I checked, I don't have a #4 at all anymore. I'm sure I had one. I think it grew legs or wings!

Sorry if I got your hopes up.


----------



## grizzlymunchin (Aug 17, 2013)

I have a plane just like that but it's in good shape and it's one of the best stanley planes I have once you sharpen the blade it stays sharp longer than any stanley plane I have and Ihave a 36 no 4s my plane is very tight and does not chatter when I use it it's my favorite I think mine is a no 8 but some guy told me it was a frankin plane and I had a A18 aluminum plane and the same guy said it wasn't worth 25 bucks but I sold it for 145 bucks so it will be a great plane once you true it up and sharpen the blade you will see what Im sayin


----------



## grizzlymunchin (Aug 17, 2013)

I have been offered 80 buckskins for my 8 but I wouldn't let it slide you will like this plane


----------



## sikrap (Mar 15, 2009)

I'll check and see, but I'm pretty sure (99 44/100%) that I've got a spare 4 body out there.
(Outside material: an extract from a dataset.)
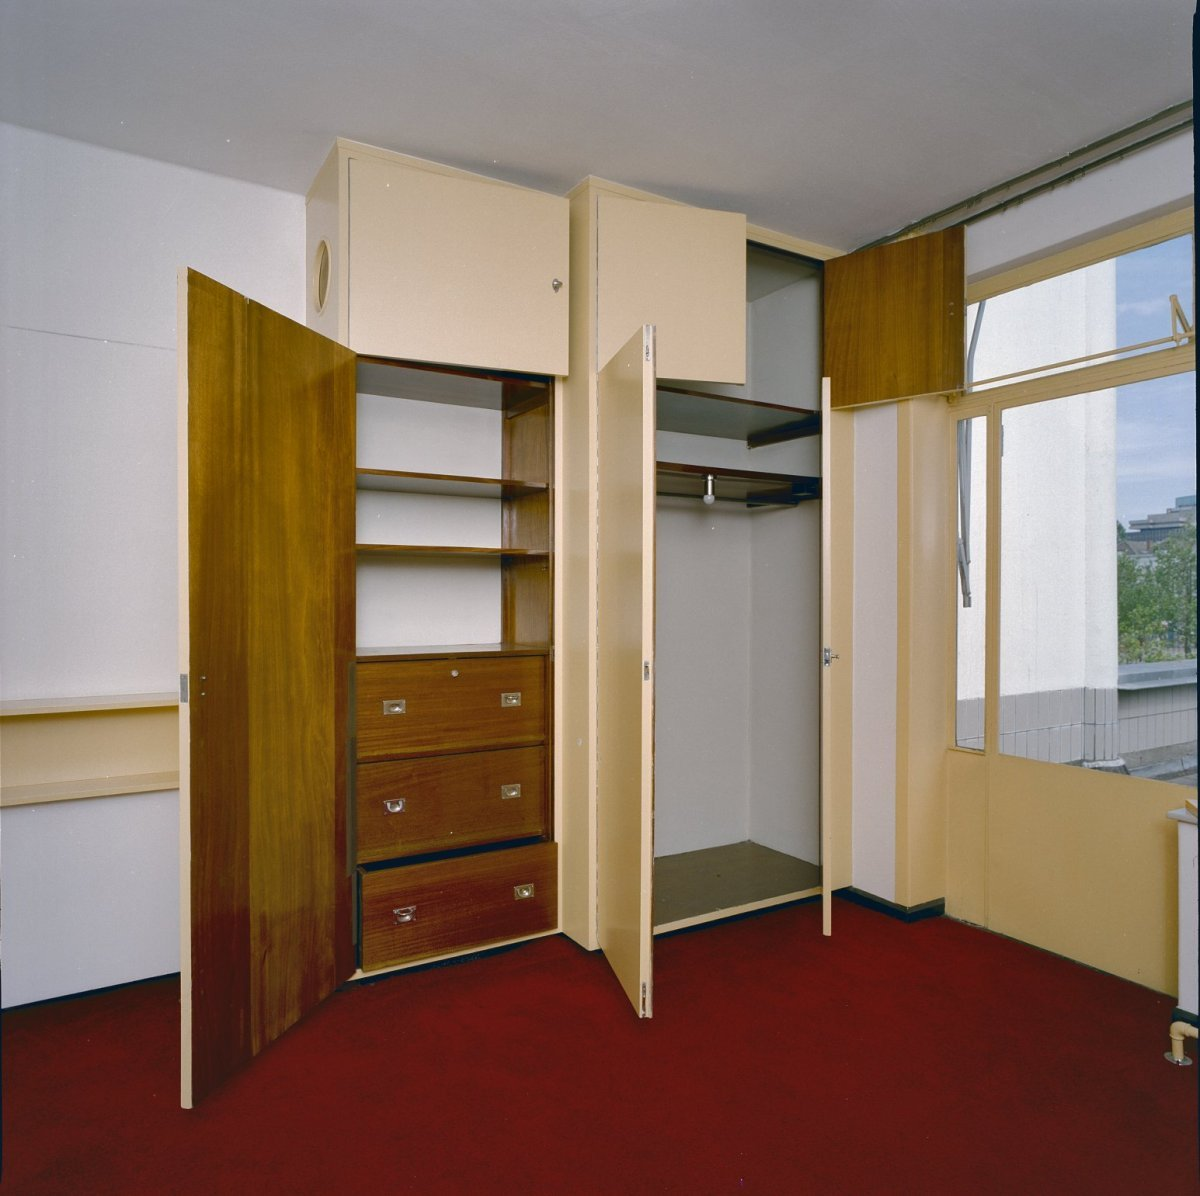 Kast Met Slot : Slaapkamer kast met slot lage kast slaapkamer cartoonbox info

I'll check to make sure one will work with your frog and PM you.


----------



## palaswood (Aug 9, 2013)

thanks for checking dave. I really appreciate it. I'm gonna see how it looks when it arrives. ill post pics so you can see it.

@dalls - thanks for looking man. I haven't even gotten them yet so its all good.


----------



## sikrap (Mar 15, 2009)

Joseph, check your PM's


----------



## palaswood (Aug 9, 2013)

Dave is the best folks. He indeed has found a frog/bottom type 13 for me. All y'all have been great in helping me to salvage my first attempt at getting an old plane. I went the ebay route as I knew not better, and in my eagerness neglected to see the huge honking chip cracked off the right side of the type 13 no.4.

The planes arrive on the 26th, and I can't wait to start smoothing. I've got a whole litshoad a lumber burnin a hole in my pocket, and to be honest, im sorta glad my table saw motor crapped out (no, not really). Nothing like working wood with your own 2.

The litshoad o lumber:


----------



## TerryDowning (Aug 8, 2012)

Losing a table saw is as good a reason as any to go retro er. "Progressive Luddite"

I like the increase in personal safety and the decrease in dust and noise.


----------



## palaswood (Aug 9, 2013)

Yes terry! I love the fact that I can virtually eliminate the dust factor (cept for the hand sanding), but also that I now have a free means of production for gorgeous garden soil cover in the form of shavings. I have some tomatoes (quite tasty) coming in and I recently threw down the shavings i've been saving (couldnt bring myself to just throw them in the trash).

Looks fantastic and keeps the soil moist.

Hurry up USPS! I want my ebay booty asap!


----------



## donwilwol (May 16, 2011)

all is well that ends well. Glad Dave had a body for you. I just bought a #4 exactly like yours. The difference was it was broke on the opposite side and I paid $3 for it. 

Keep us posted on the shavings!


----------



## palaswood (Aug 9, 2013)

Don, where are you getting these steals? Local flea markets? Garage sales?

I'm really stuck purchasing online, as I dont drive. I'm relegated to the distance I'm willing to travel by bicycle or bus. Problem is, I have to ride back (goes for both means of transpo).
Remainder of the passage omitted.